La sentenza Foodora non fa dignità
Accolto in parte il ricorso di cinque ex fattorini della piattaforma tedesca. Ma i giudici di appello respingono la richiesta più importante: il reintegro e l’assunzione
Roma. La sentenza con la quale la Corte d’appello di Torino ha in parte accolto il ricorso di cinque ex fattorini di Foodora, la piattaforma di consegna a domicilio controllata dal gruppo tedesco Delivery Hero, non ha nulla a che fare con il decreto dignità – primo atto l’estate scorsa di Luigi Di Maio come ministro del Lavoro, scaturito proprio dalle vertenze dei riders – né tantomeno “scardina il Jobs Act”, intento del vicepremier del M5s.

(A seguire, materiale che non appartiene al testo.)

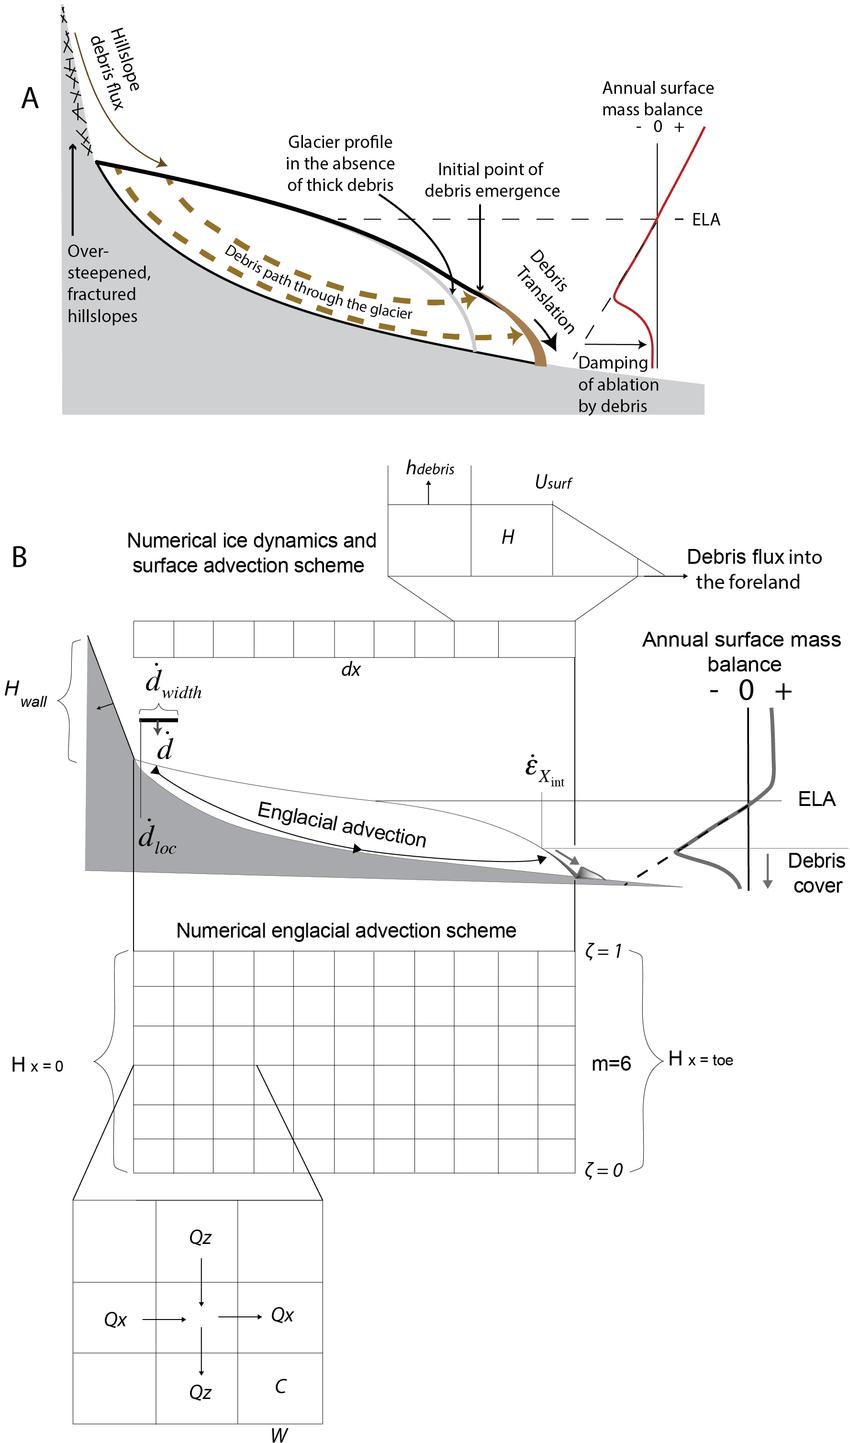 medium resolution of  a schematic of the debris glacier system debris deposited on or emerging

Ribaltando la sentenza di primo grado che aveva respinto tutte le richieste, i magistrati, infatti, riconoscono il diritto per i rider ad avere una retribuzione calcolata sulla base del quinto livello del contratto nazionale della logistica che già molte aziende di consegna si erano dette disposte ad adottare, e per chi perde il lavoro (come i ricorrenti) a ottenere arretrati e liquidazione, dedotte le cifre già percepite.
Viene inoltre riconosciuto il diritto a turni di riposo e ferie, sempre in base al contratto della logistica e parametrati all’anzianità e ai periodi di lavoro. Ma i giudici di appello respingono la richiesta più importante: il reintegro e l’assunzione, che avrebbe sì scardinato il Jobs Act. Retribuire e trattare gli addetti ai “lavoretti” su piattaforme digitali, i gig, secondo legge ed equità è sacrosanto.

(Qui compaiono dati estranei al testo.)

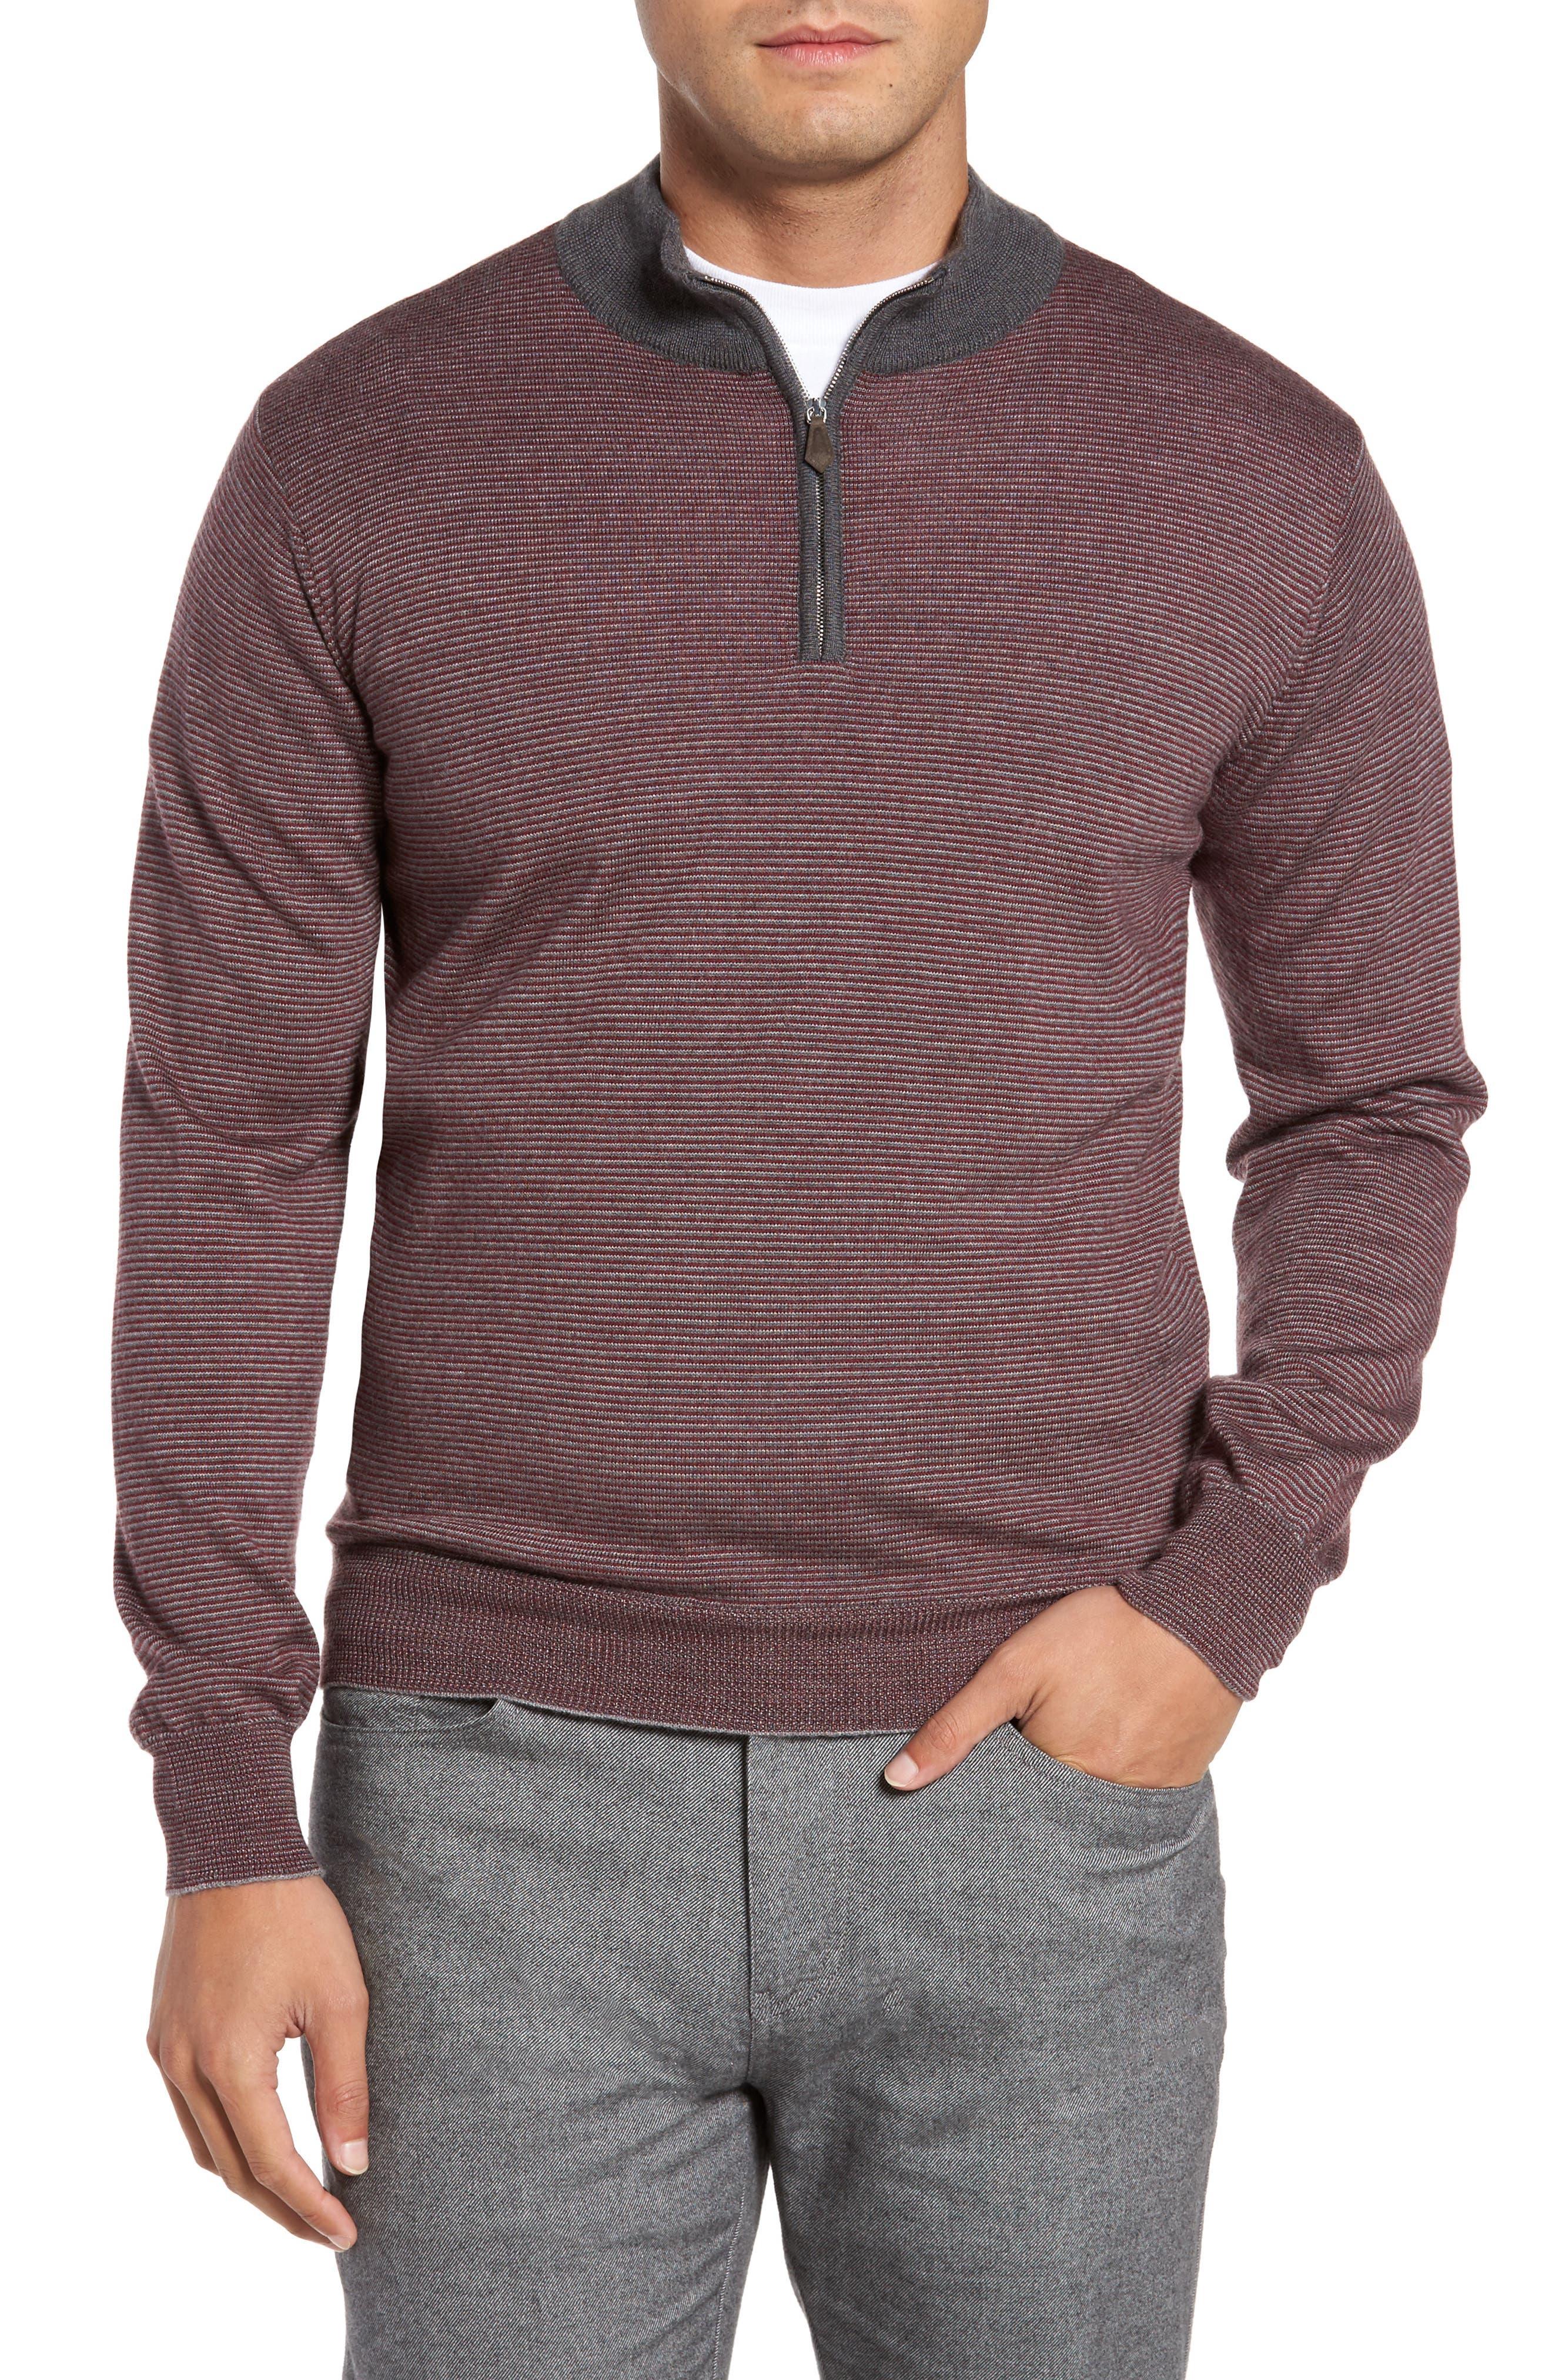 Trichrome Stripe Merino Wool Blend Sweater,                             Main thumbnail 1, color,                             Chianti

Imporre per via giudiziaria, o con un decreto stile Di Maio, il ritorno al mercato del lavoro preesistente al Jobs Act, cioè al più rigido del mondo e più ostile all’occupazione, specie dei giovani, è tutt’altra cosa. L’articolo 18 vecchia maniera tutelava i diritti di chi aveva già un posto fisso a discapito di quanti un lavoro lo cercavano: il decreto dignità (come prima l’abolizione dei voucher) ha già fallito su questo punto poiché la disoccupazione giovanile non è diminuita e i contratti a termine che non si sono trasformati in posti fissi. Invece molte aziende se ne sono andate dall’Italia: tra queste proprio Foodora.